Exercise objective. Reproduce the whole listing that follows, character for character, and drop the images.

Data provided.
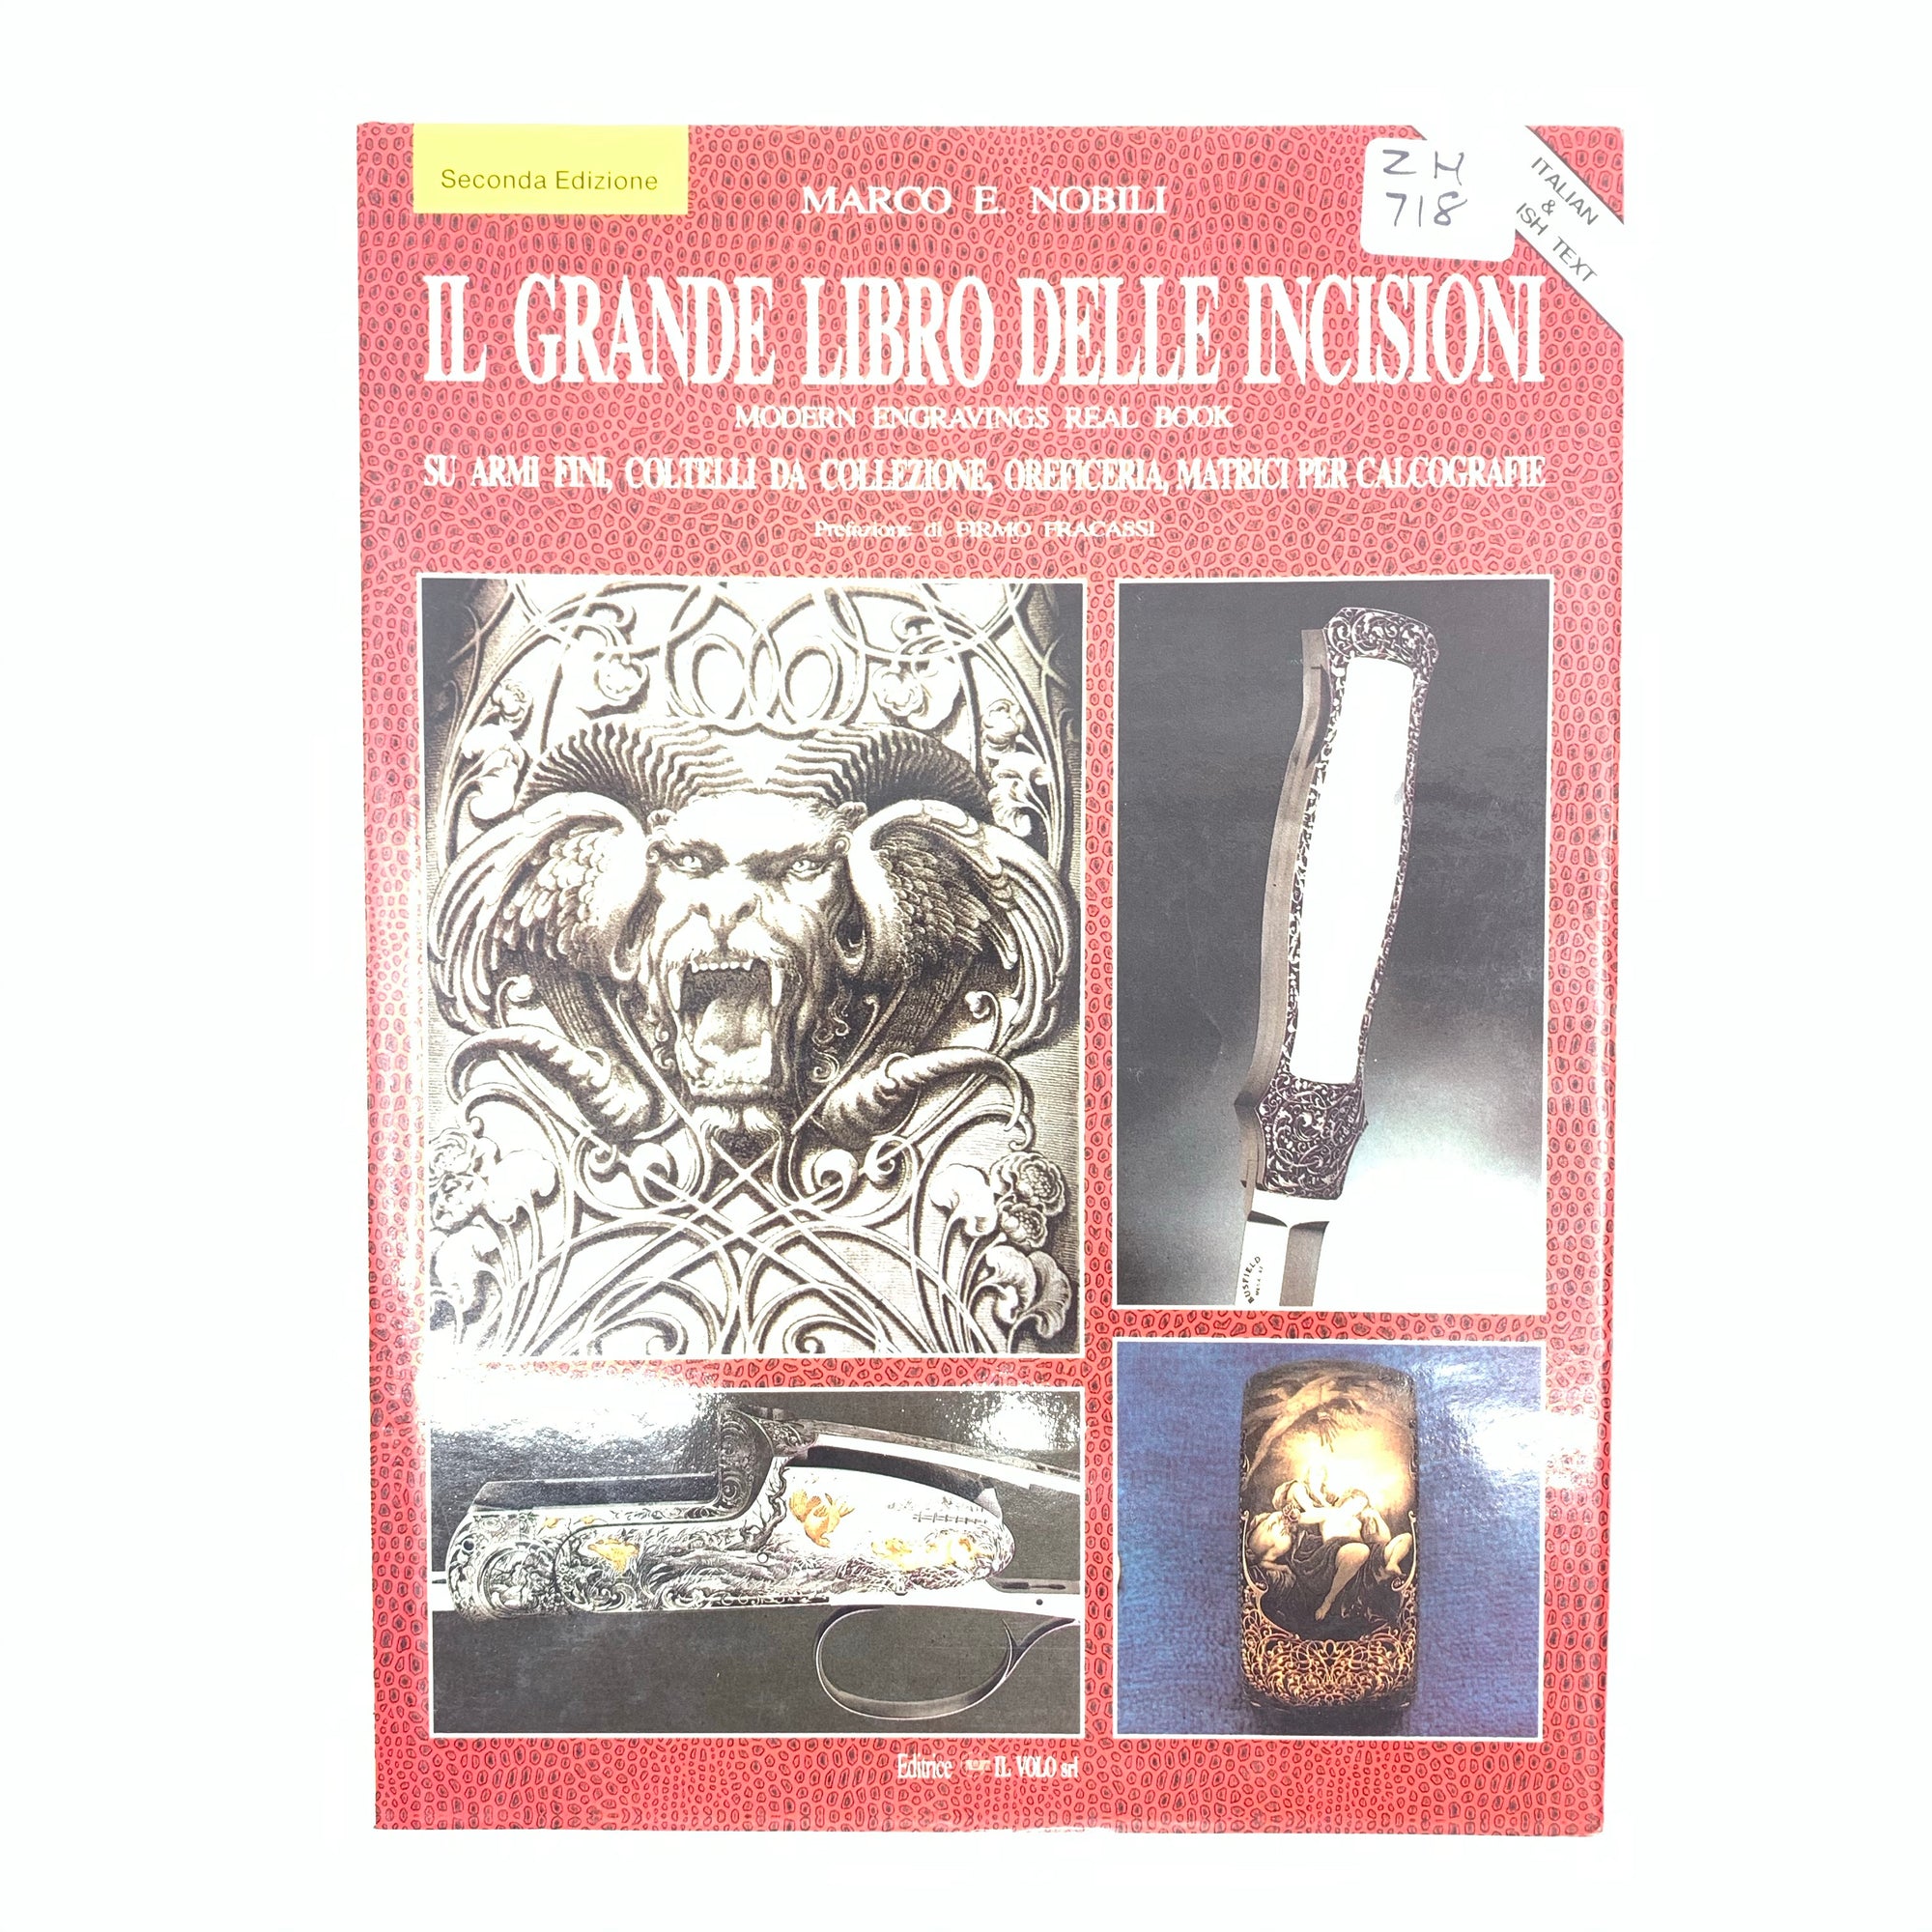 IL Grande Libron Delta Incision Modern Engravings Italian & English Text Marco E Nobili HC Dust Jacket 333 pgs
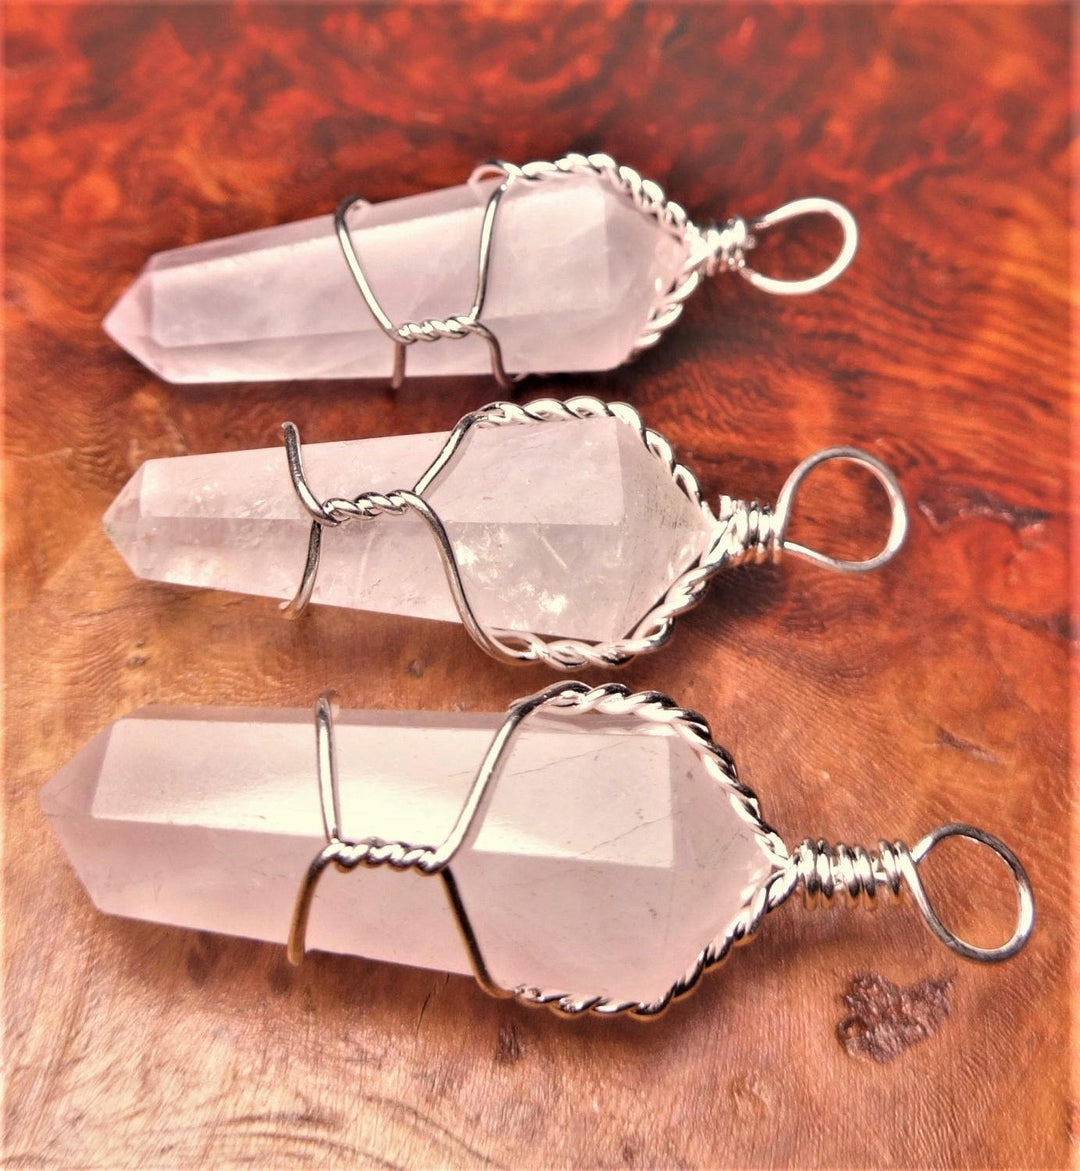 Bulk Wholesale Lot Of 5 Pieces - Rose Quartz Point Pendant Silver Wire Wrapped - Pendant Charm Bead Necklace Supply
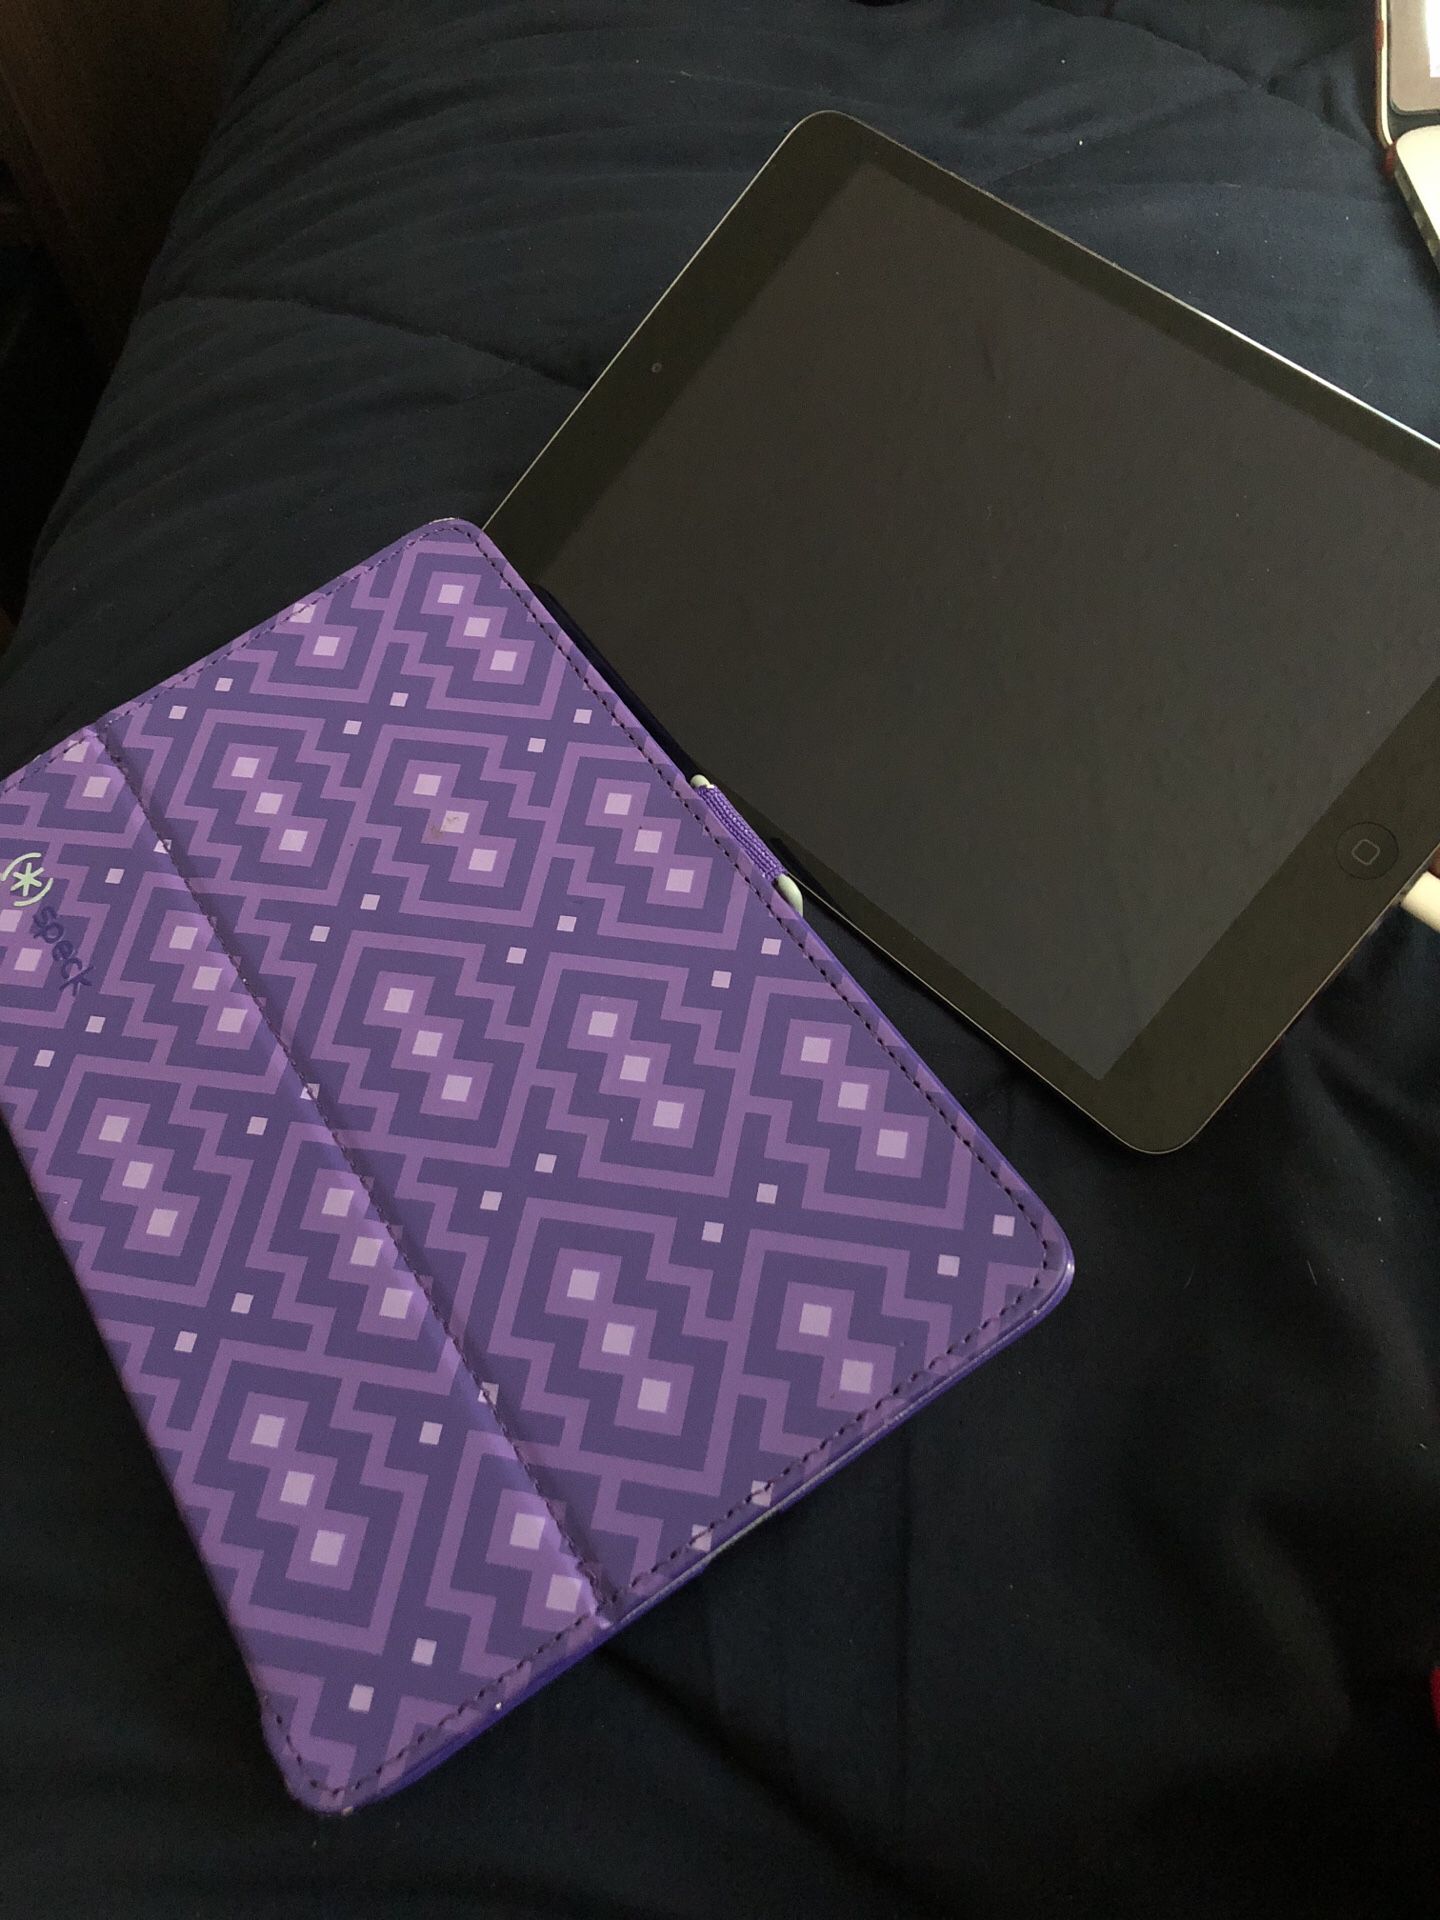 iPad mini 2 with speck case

Response area.
 IL Grande Libron Delta Incision Modern Engravings Italian & English Text Marco E Nobili HC Dust Jacket 333 pgs
 Bulk Wholesale Lot Of 5 Pieces - Rose Quartz Point Pendant Silver Wire Wrapped - Pendant Charm Bead Necklace Supply
 iPad mini 2 with speck case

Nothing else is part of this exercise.